Sorry for the late response. I seem to have overlooked it.
Sassoon sent an open letter to The Thunderer (The Times) crticizing the government for conducting an aggressive war. Normally, he would have been court martialed for cowardice, but as he had already earned an MC that would have been difficult. Their solution was to proclaim him insane. He was committed to the same establishment as Owen and they became friends.

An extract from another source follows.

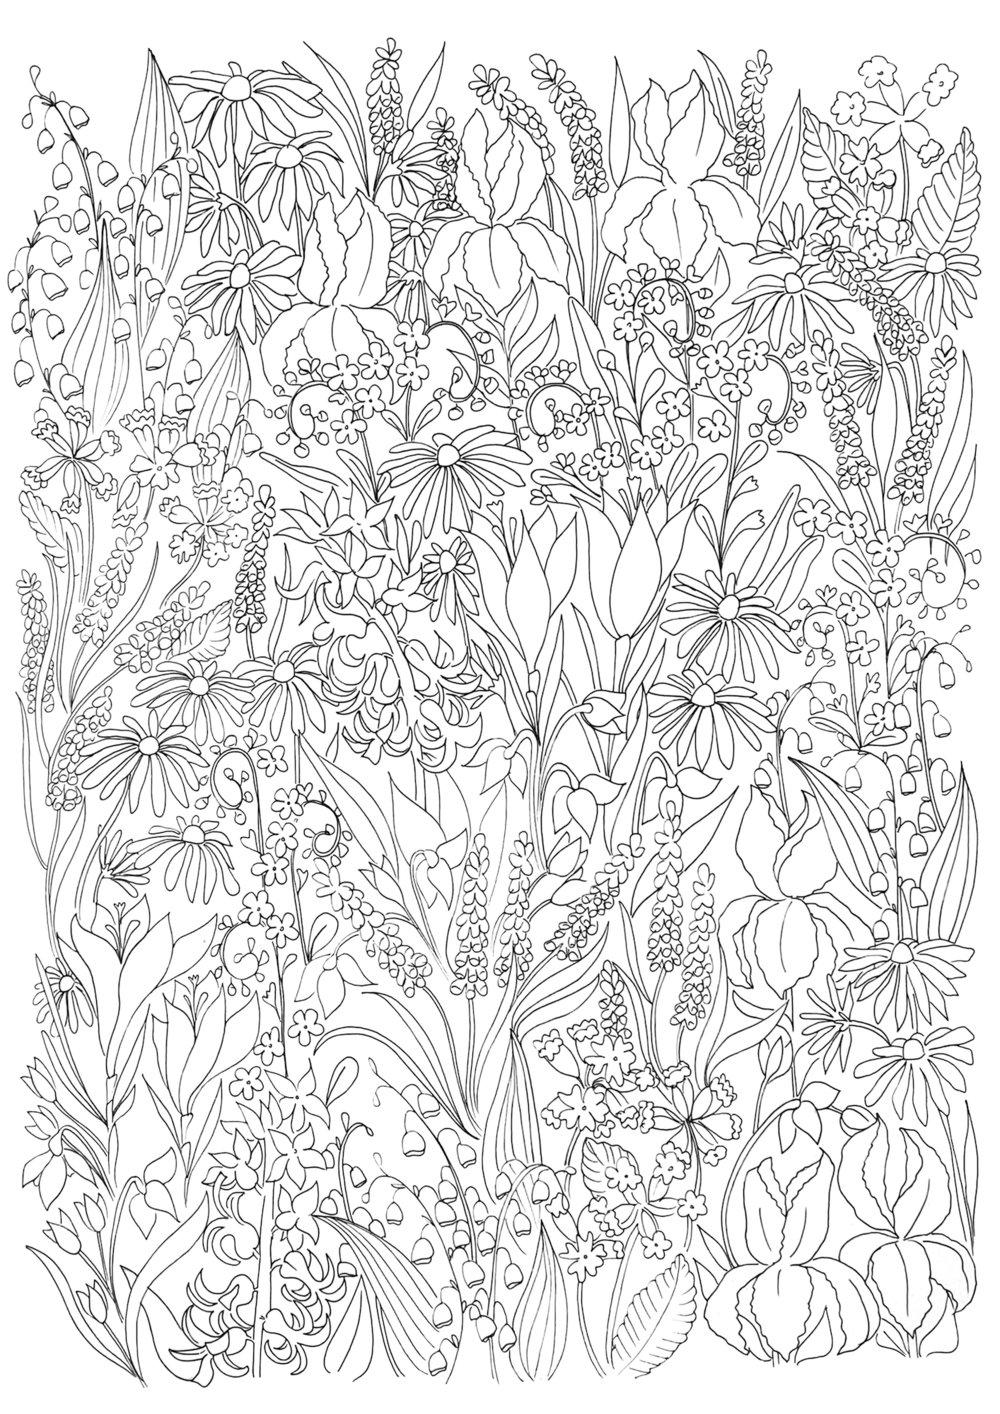 Spring flowers black and white .jpg

Owen admired both Sassoon and graves, but in the end, Owen, in my opinion, developed into a far better poet.
Graves visited Sassoon to persuade him to return to his regiment, The Royal Welch Fusiliers, in which they both served as officers.
Graves gives an account of this in his book ‘Goodbye To All That’
http://www.enotes.com/goodbye-all
Sassoon in his biography.
Pat Barker covers in depth in her book/movie ‘Regeneration’
http://www.freud.org.uk/warneuroses.html
http://www.mediacircus.net/regeneration.html
Clips on Youtube
Has anyone read the book “Medical Services: Casualties and Medical Statistics” from 1931? It sounds like it contains considerable info on casualty statistics from the war.
I’ve read a fair number of books on WWI, including an entire encyclopedia. And the best books I’ve read, by far, are two very recent ones, both by the same author, Tim Cook. The first is At the Sharp End: Canadians Fighting the Great War 1914-1916 and then the very recently released book (I think it came out this November or December)…Shock Troops: Canadians Fighting the Great War 1917-1918.
Now I am Canadian, so I may find the history and politics more interesting because of that, but the main reason I love these books is the amount of detail he uses to capture what it is like for the soldier…what life was like, both in and out of the trenches (they only got 2-weeks of leave a year!) He’s read thousands of letters and memoirs and included the best and most interesting stories captured in them. Many a great letter quote that captures the mood and essense of the men during these awful times. Everything from field punishments, VD on leave, getting beaten by NCO instead of getting written up, to grousing about not enough rum before an attack. And the attack details are clear and yet entirely from the individuals perspective so you really get a sense of what happened.
Awesome. Just awesome.
I’ll give one of many interesting stories: 4 guys are taking cover in a shell hole, one drink water from a canteen, another holding his rifle out, trying to keep it clear from mud when a massive shell screams into their hole and blows them all out of it, literally, throwing them in different directions. The guy with the canteen has his canteen shedded with a massive hole in it. The rifle was cut into two pieces. And all 4 dazed men got up, inspected themselves and found not a hole in any of them.
I recommend “Forgotten Voices of the Great War” …true accounts told by the soldiers themselves. A definite eye-opener.